When developing challenges and algorithms, it is advisable to bear the best practices for algorithm development as recently published by Bradshaw et al. [82].


The time to implement AI in medicine is now. Nuclear medicine and molecular imaging are no exception to that development. AI shows great promise to improve image quality, to personalise dosages (both in diagnosis and theranostics) and to help in image interpretation. It opens ways to fully exploit the potential of NM (which by nature is a numerical specialty), an aspect that has gathered momentum over the past decade with the advent of radiomics. As such, AI has the potential to improve clinical workflows that will increase overall efficiency but also facilitate personalised medicine for the benefit of a patient. Here, we should not forget the introduction of total body scanners which cause an enormous increase of data to be handled. It seems obvious that AI and total body scanners are natural partners to tackle this problem.

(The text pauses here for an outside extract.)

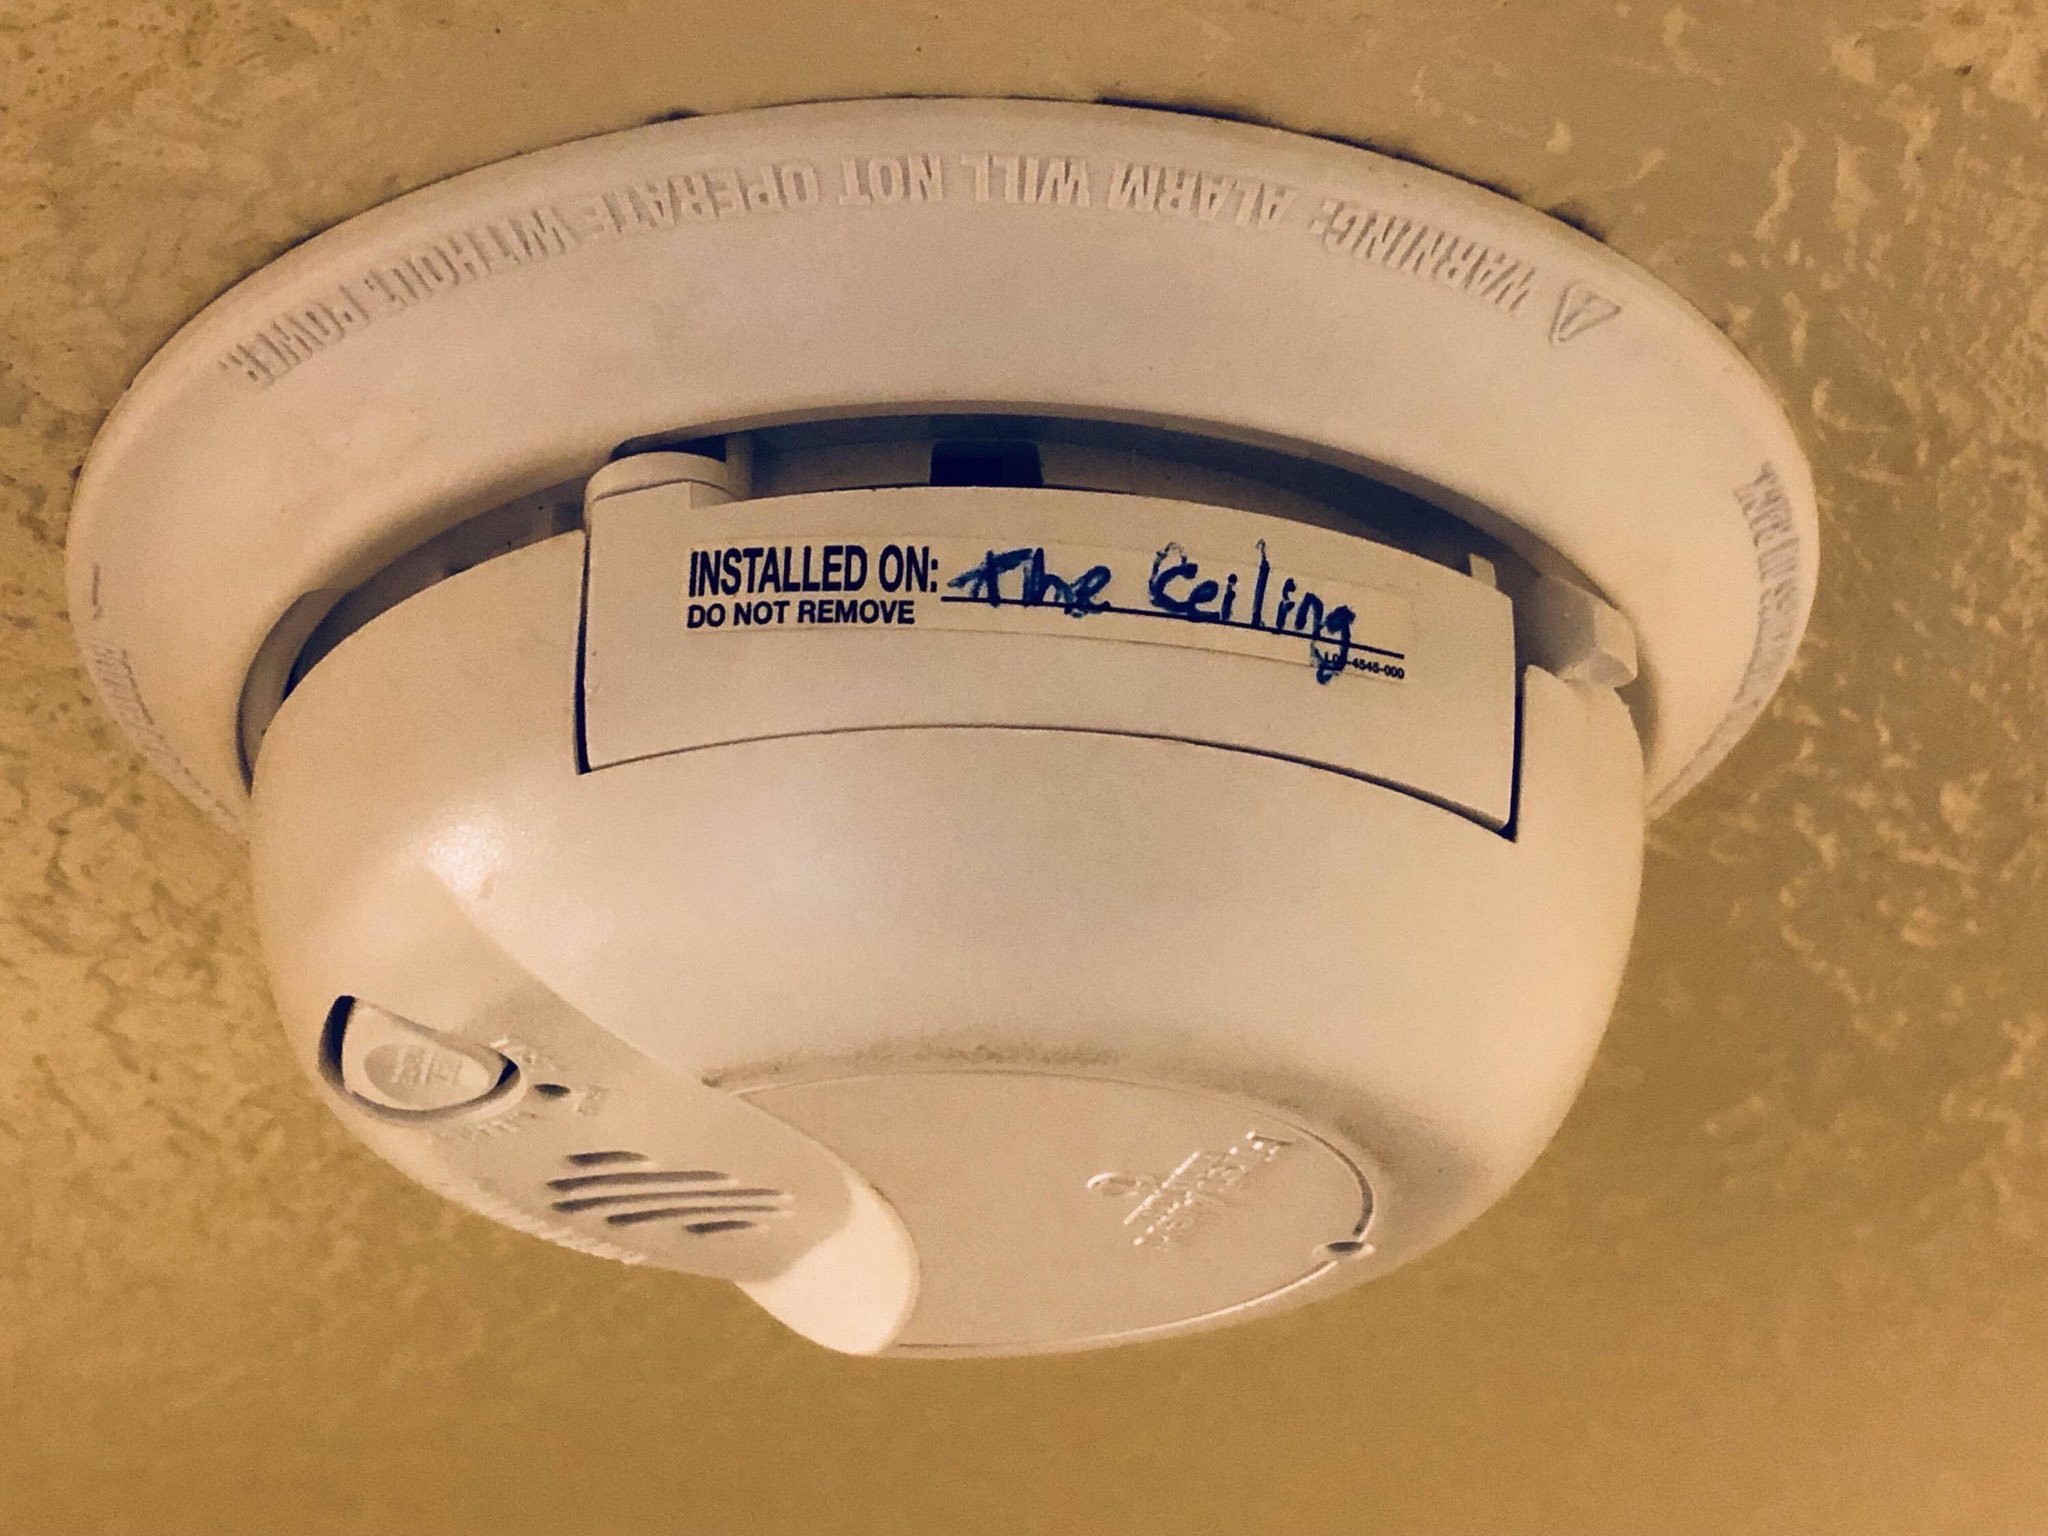 you had one job carl - Www Don Installed On Do Not Remove Installed On he Ceiling

In this paper, we have highlighted the current state of the art in AI for NM. Research in AI for NM has made great strides over the past couple of years as this paper has described. We have also highlighted areas where work needs to be concentrated in order to improve overall acceptability of AI by the NM community.

In order to move forward with clinical adoption, the validation of outcomes/results of individual trials/studies is needed, and this is where multicentre and multigroup cooperation is of the utmost importance. Comparing the performance of algorithms through challenges is needed considering both methodological and clinical outcomes. Demonstrating the potential interest of AI in NM through these challenges represents also an essential element for its adoption within our field. As with any new technology (and even more true for software related) developments, the field requires also industrial partners to be proactive in facilitating its clinical implementation.

Last but not least is education. The transmission of knowledge for the implementation of AI in NM and molecular imaging is dearly needed. These educational programs should target both the scientific and clinical aspects. Such educational programs will ensure that current and next-generation scientists and clinicians will become familiar and grow-up with AI and therefore enhance further its potential adoption and development.